No. An old NOM guy, Seerstoned, pointed me to it. It was sort of a backdoor into the BYU database, because I cannot find it through the search engine. The link was in the old NOM but we lost that history, which is a shame.

Re: Disturbed by the First Vision Account

Posted: Fri Oct 16, 2020 12:48 pm
by Hagoth
You know how church artists create our expectations about how things looked? Maybe the First Vision was really more like:
Image

Re: Disturbed by the First Vision Account

Posted: Fri Oct 16, 2020 4:13 pm
by Five
Ah, unfortunate, @SaidNobody . Hopefully, you don't mind if I take from what you've shared here as inspiration? It's not like it's going to be a "cite your sources" kind of book.
Hagoth wrote: Fri Oct 16, 2020 12:48 pm You know how church artists create our expectations about how things looked? Maybe the First Vision was really more like:
Img of Cthulhu.
Brilliant! Yes, exactly. :mrgreen:

Re: Disturbed by the First Vision Account

Posted: Sat Oct 17, 2020 12:24 pm
by Five
I was watching The Magick of Solomon for a bit of research on this story I hope to write. However, something the guy Poke Runyon said while narrating his research, is the conjecture that these wizards and warlocks were mostly conjuring things from their imagination. He even quotes Aleister Crowley saying something similar.

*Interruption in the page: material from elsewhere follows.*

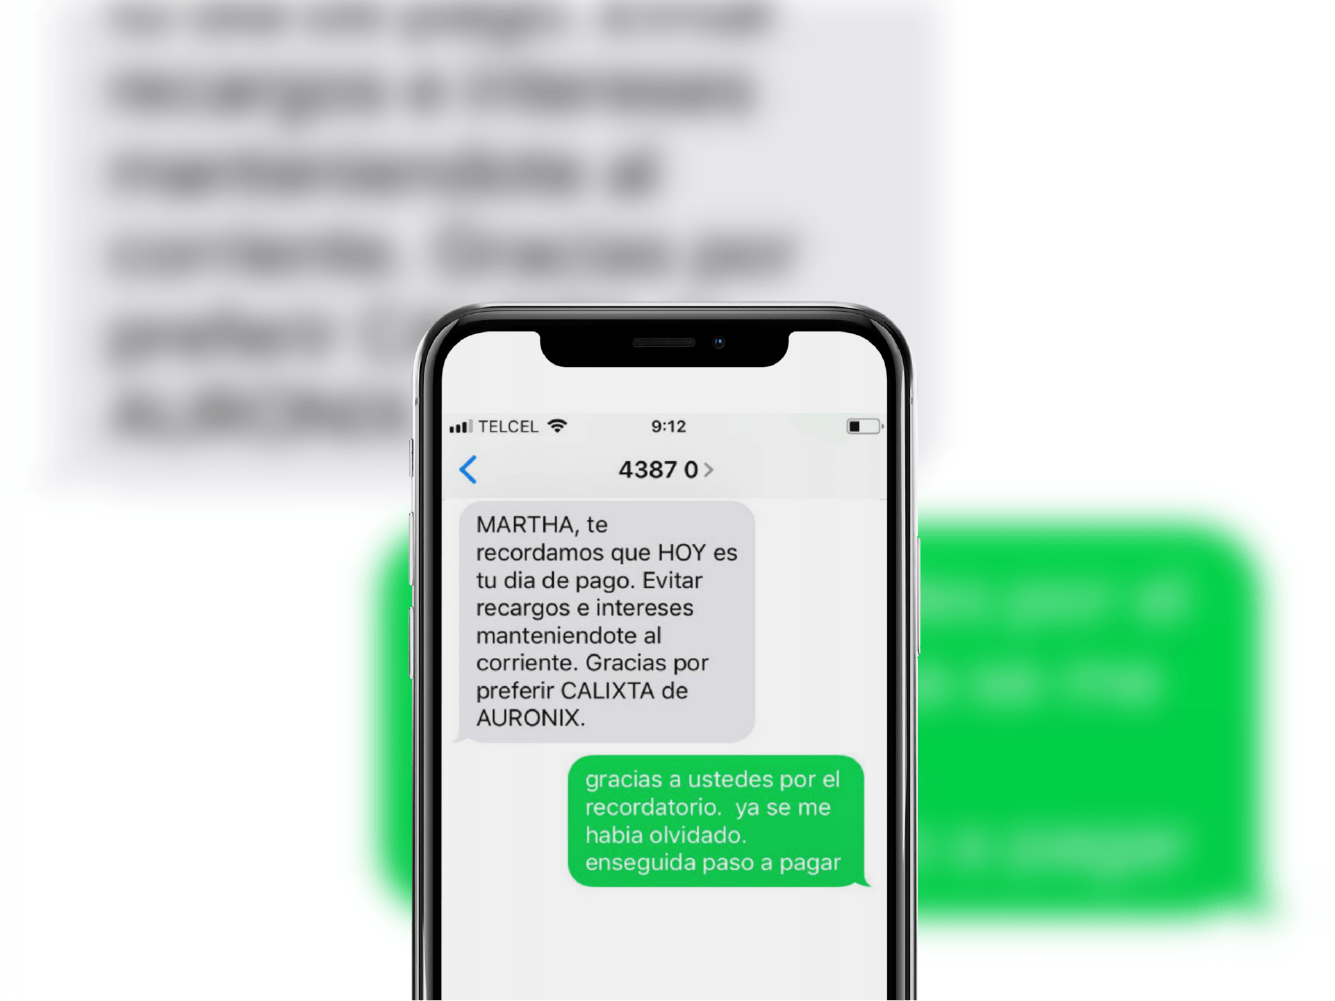 Cobranza via SMS con texto personalizado - Calixta de Auronix

This reminded me of things Martin Harris and David Whitmer said about their witness experience, using odd language, implying a visionary rather than a physical manifestation. Even Dan Vogel in talking of the superstitions that had caught up 19th century folk, they would often discuss their dreams as if they were of great importance, or they'd constantly have heavenly and dark visitations in the form of visions. Often, they'd describe seeing something in their mind's eye and be taken as a credible witness of something occurring.

Did people in ancient times not understand imagination? We already have some account of how people in older civilizations anthropomorphized the elements, weather, disasters, emotions, in the form of gods or deities that could demand sacrifices and such. I always used to read old Irish folklore and fairytales, the will o' the wisps, the brownies and gnomes, the kelpies, etc. and be baffled on people's genuine beliefs in these things. I mean...they had to have seen something, right? ...unless they were doing the "seeing pictures in your head" sort of fantasizing and didn't understand that this thing wasn't real.

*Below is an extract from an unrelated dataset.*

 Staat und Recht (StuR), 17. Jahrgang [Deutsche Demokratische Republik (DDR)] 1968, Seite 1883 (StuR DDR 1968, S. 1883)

I've always been in touch with this spacey area of my being. It's not exactly like in the movies, where the person imagining something is totally transported. It's more like, when you're reading a book and the visuals slip like a veil in front of your eyes. You're no longer seeing each word on the page but you're reading.

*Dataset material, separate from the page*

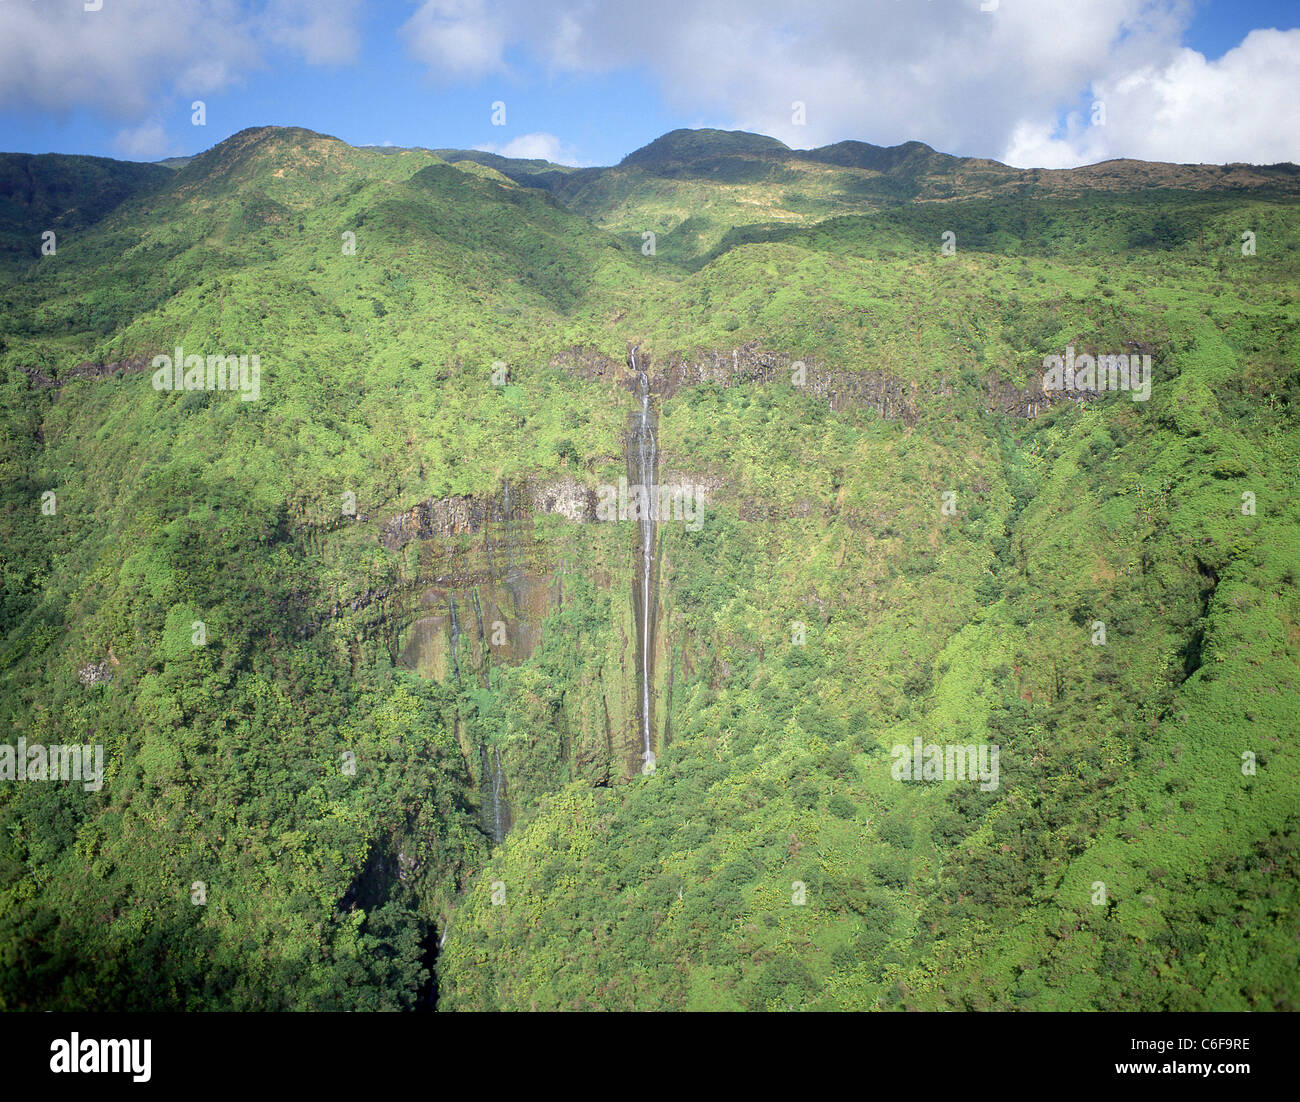 Vista aérea de la cascada, el Parque Nacional de Haleakala, Maui, Hawai, Estados Unidos de América Foto de stock

However, even at 33 years old, living in the country, sometimes, when I take my dog out to do his business late at night, beyond the scope of the porch light, I imagine critters in the woods lurking in wait. We have coyotes around here and bears and sometimes even a vagrant might wander these woods. How am I to know? You get that hair on your neck sensation, the depth of the shadows seem to dance, and your heart pounds. Inside, the moment of nervousness is gone, especially if nothing happened, but I sometimes still feel like a kid, scared of the dark.

I can see how these feelings, in combination with fantasizing could make old "witches" and "wizards" feel like they'd genuinely summoned something. I just thought it was an interesting thought. Most of the time, I fall into the trap of judging older cultures by 21st century intellectual standards. As if their sacrifices and offerings to temples and beseeching of oracles was separate and compartmentalized. "Yeah, they did all that...but they knew stuff in their head was just make believe." What if they didn't?